(Task directions)
Line by line, repeat the material below exactly and leave the images out.

[Opening Data block section]

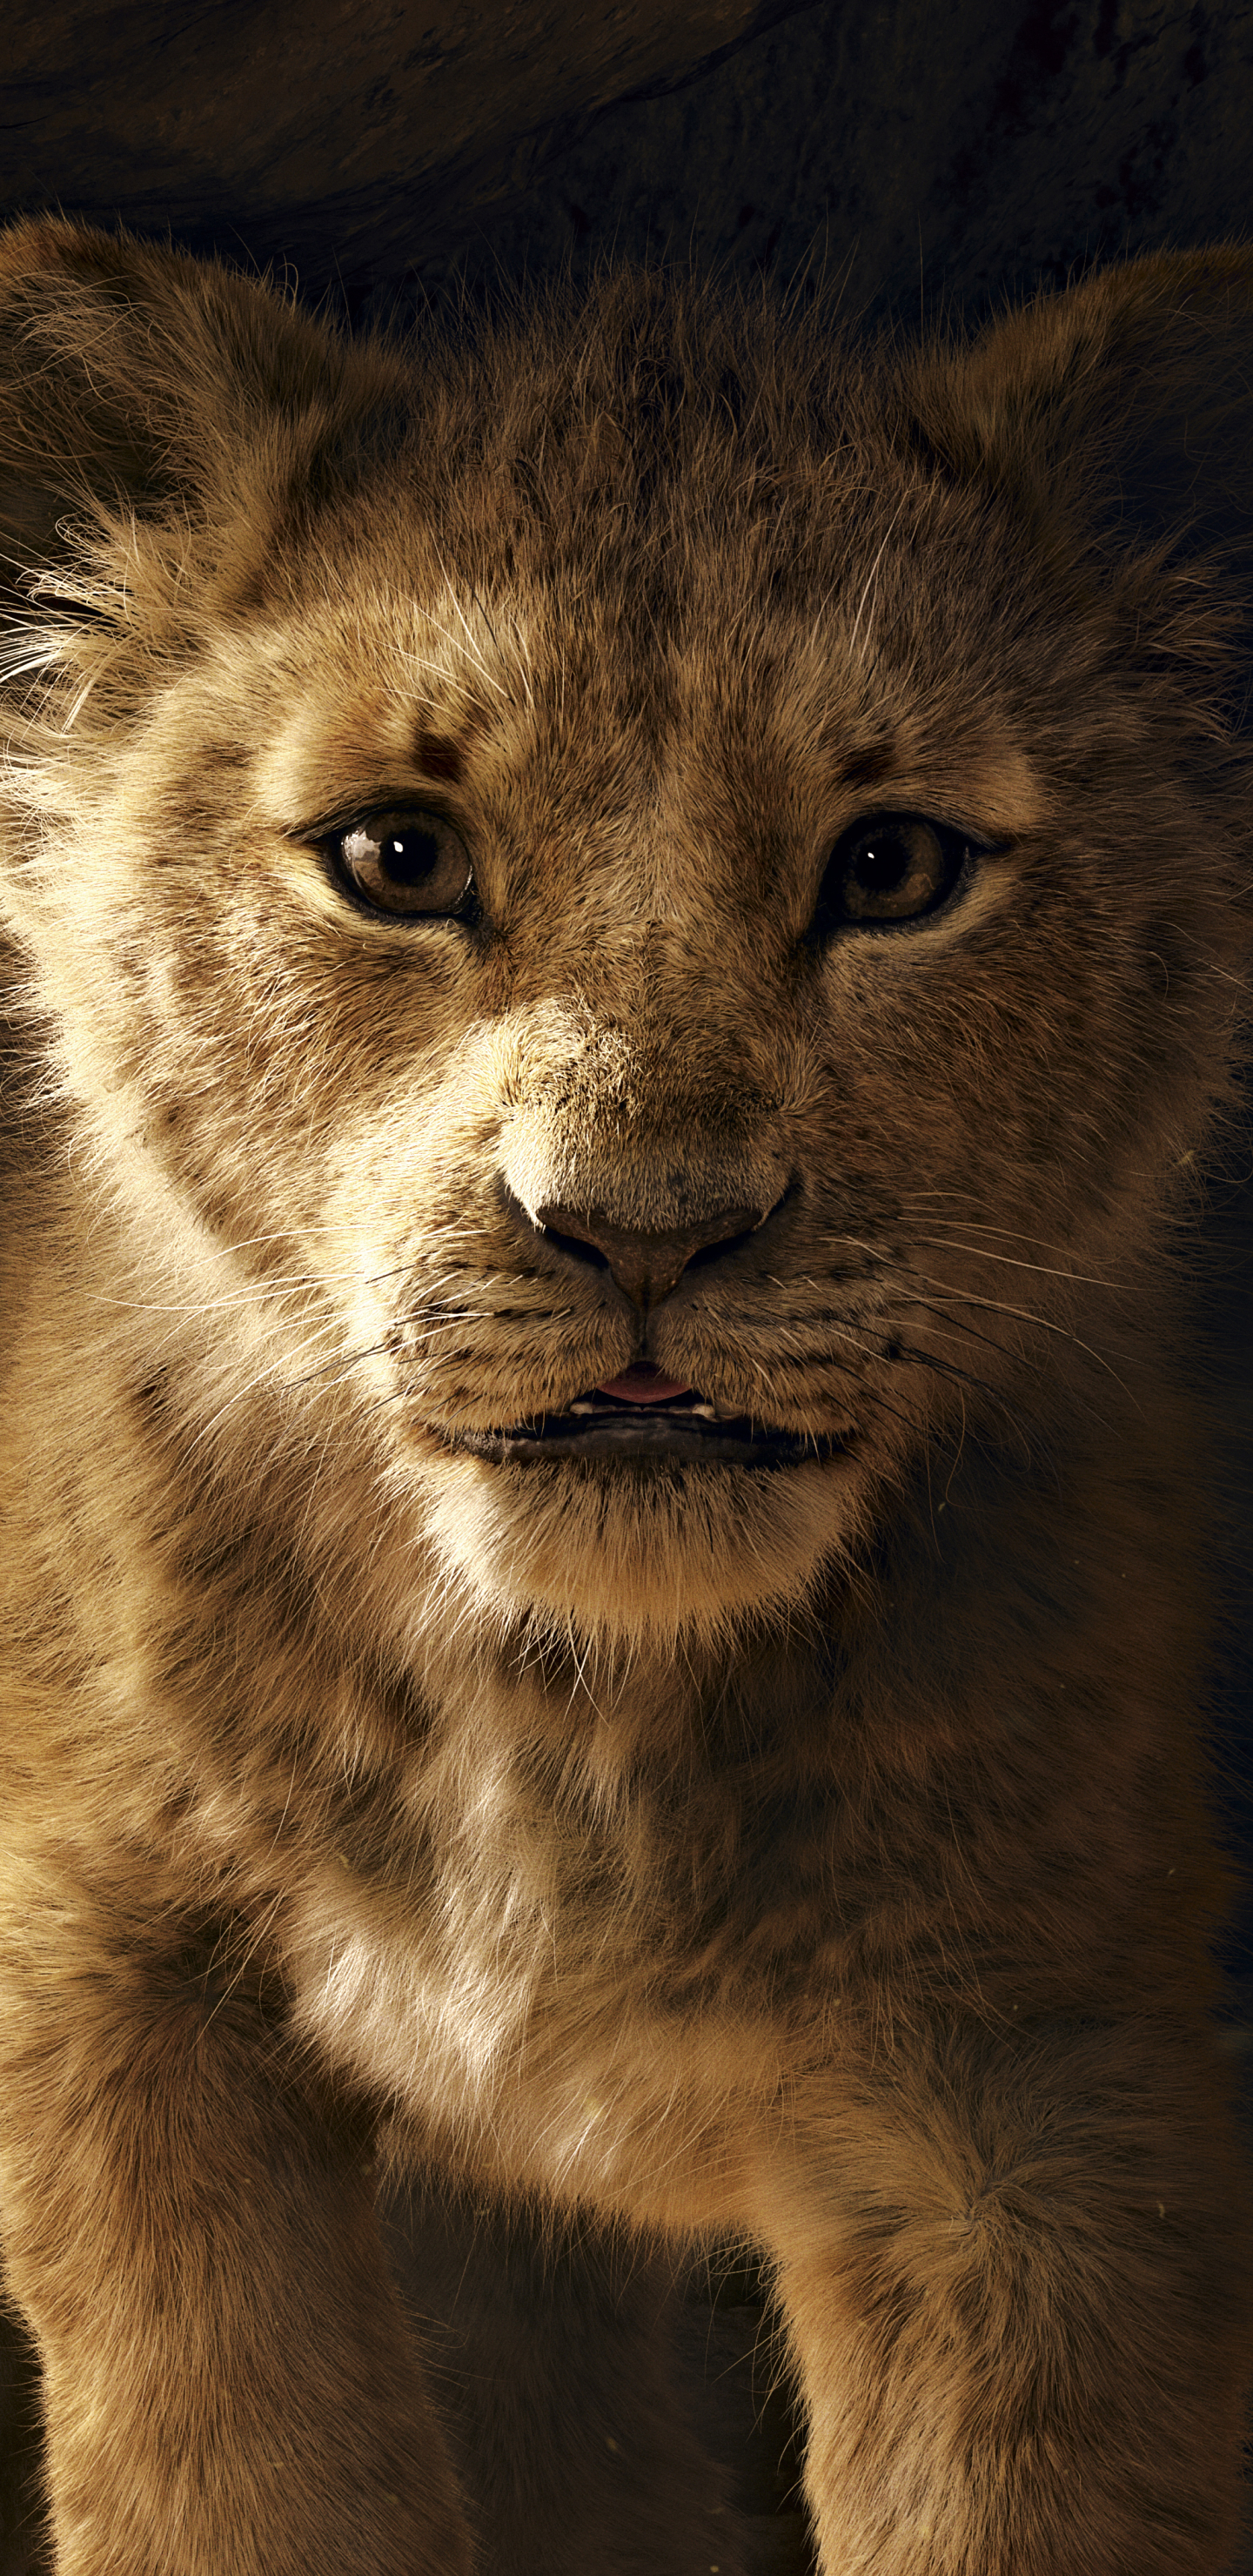 simba, movie, the lion king (2019) cell phone wallpapers
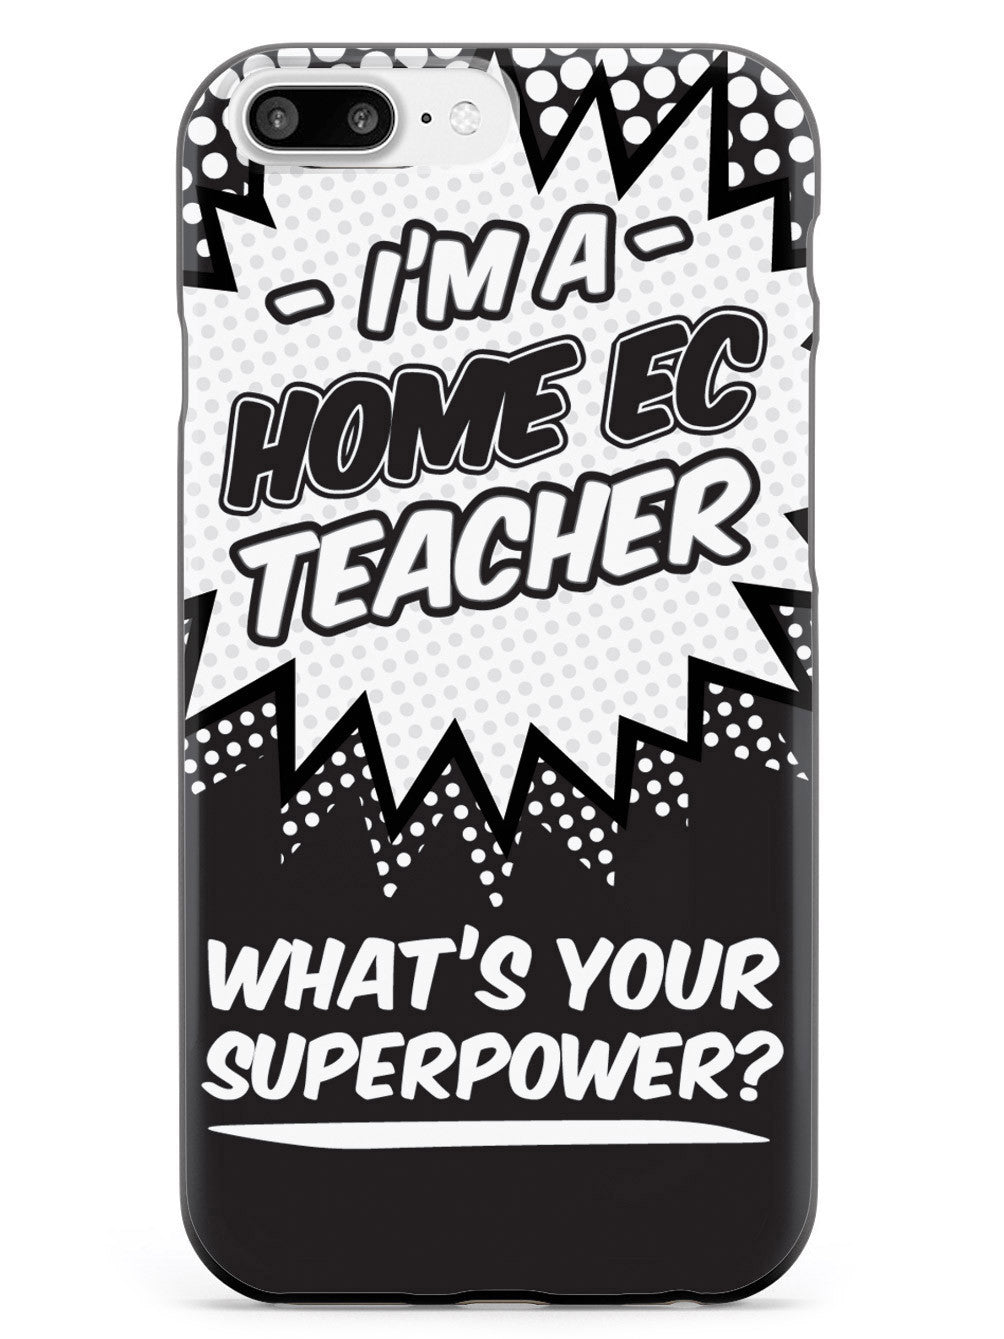 Home Ec Teacher - What's Your Superpower? Case
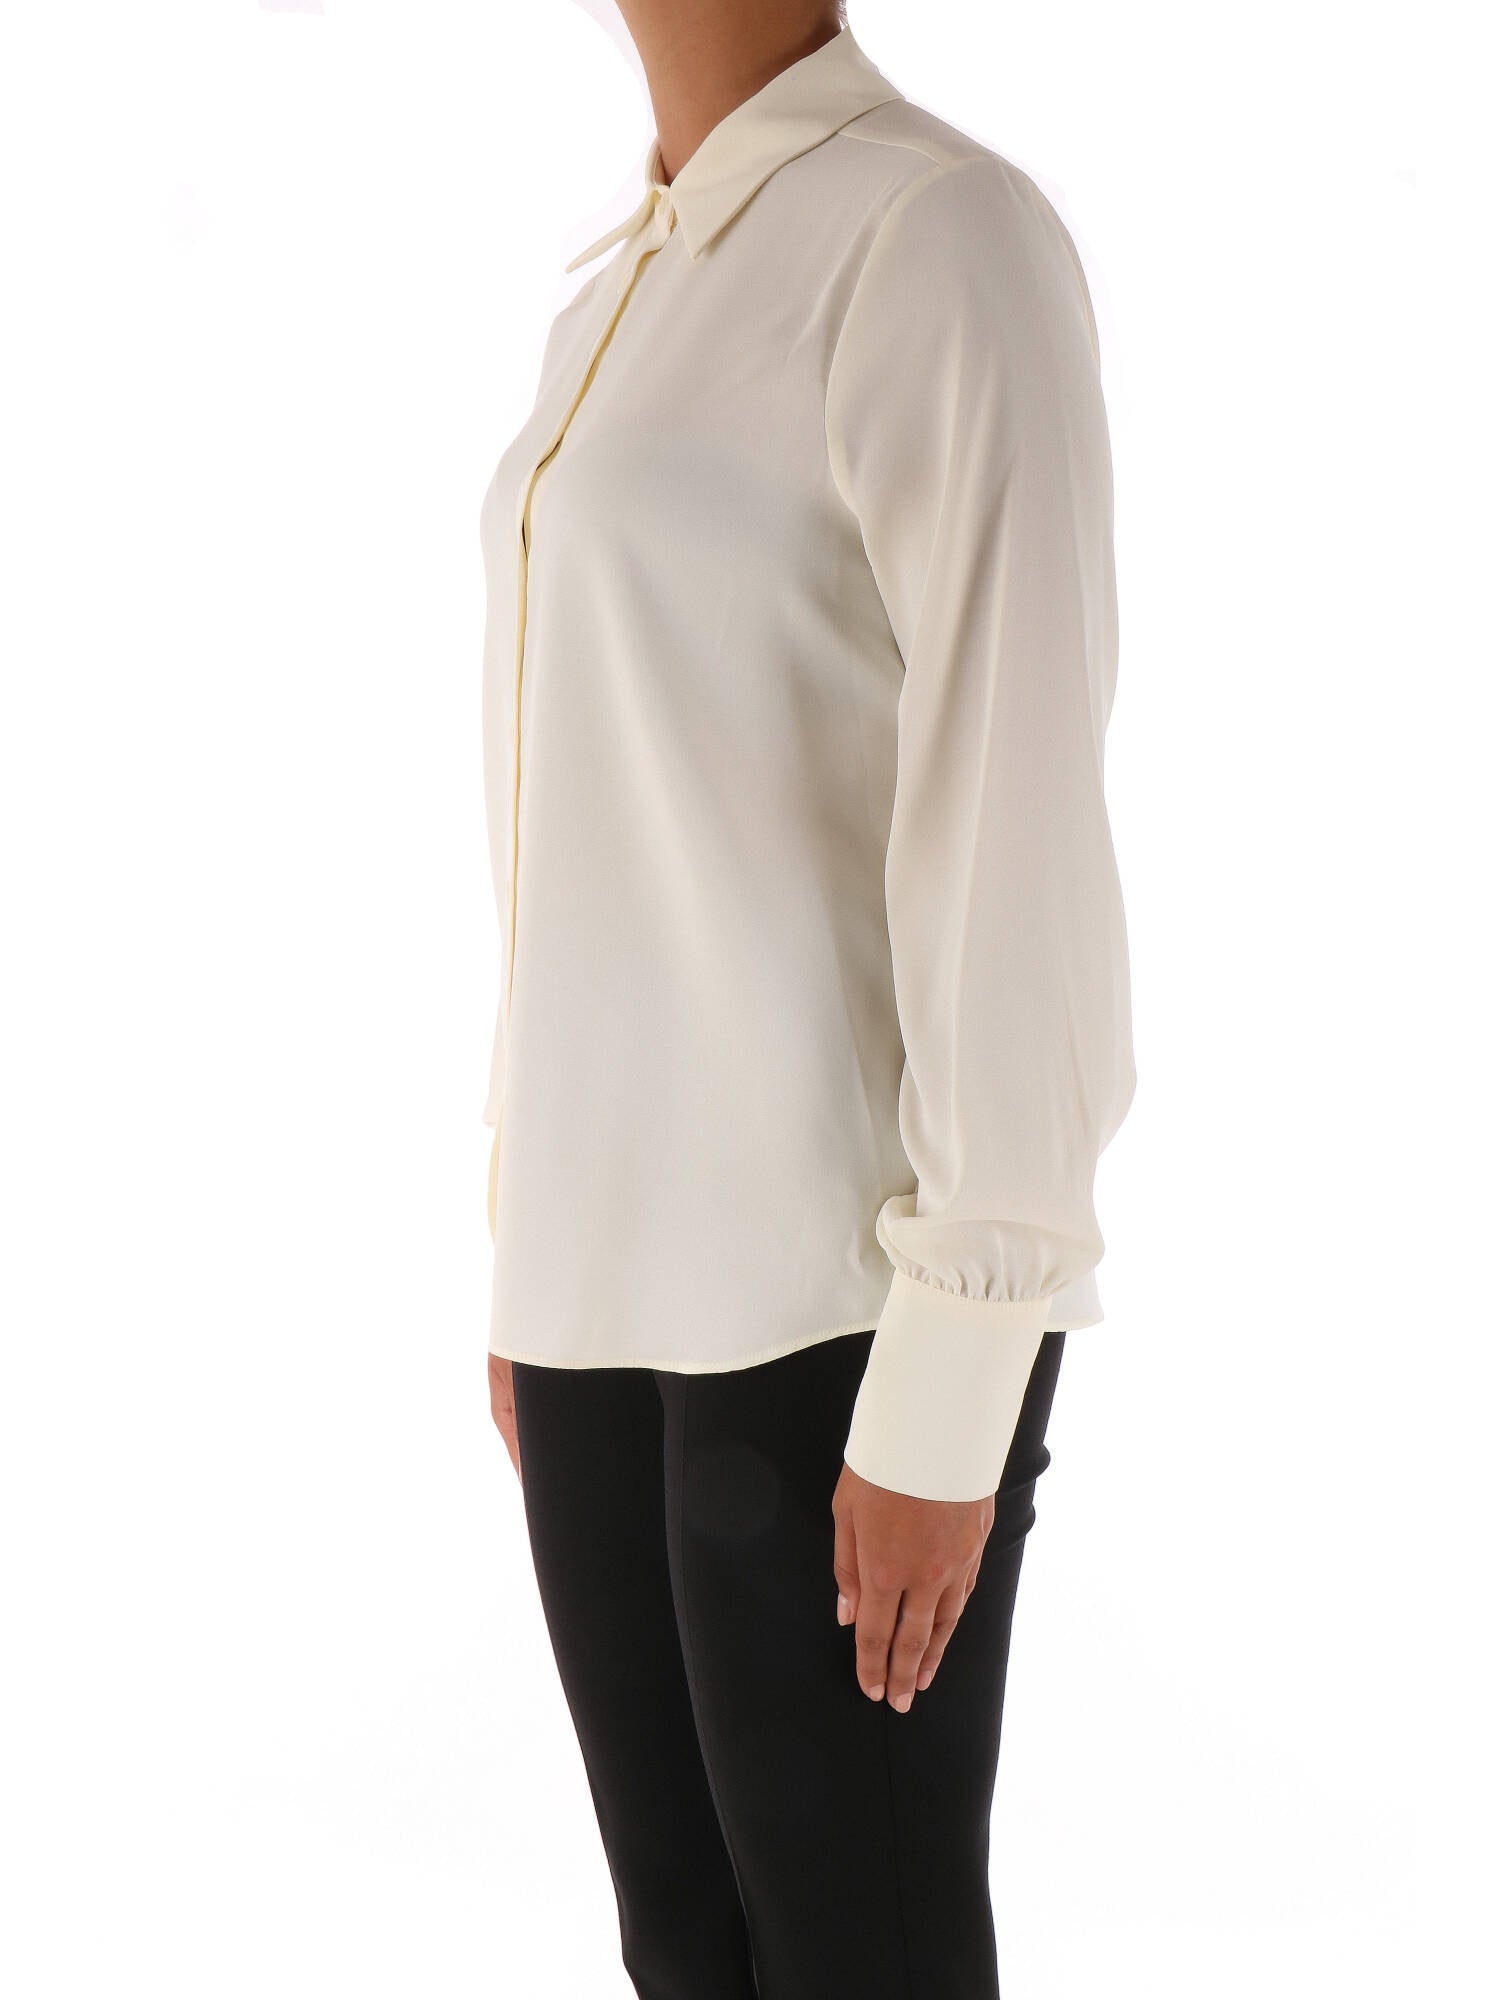 Twinset camicia donna in crepe cady
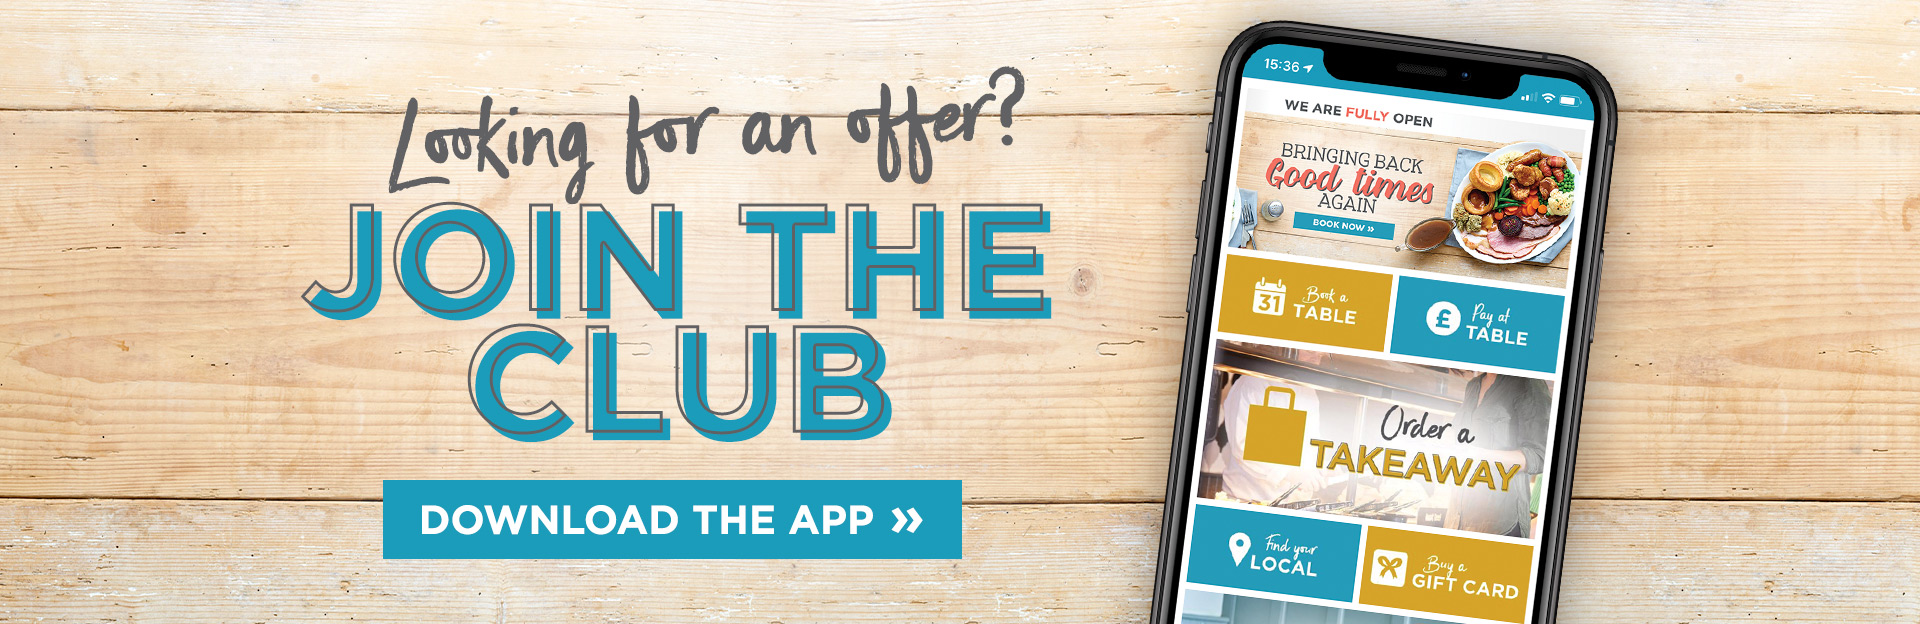 stonehouse-app-jointheclub-banner.jpg

[Closing Data block section]

(Response area)
 simba, movie, the lion king (2019) cell phone wallpapers
 Home Ec Teacher - What's Your Superpower? Case
 Twinset camicia donna in crepe cady
 stonehouse-app-jointheclub-banner.jpg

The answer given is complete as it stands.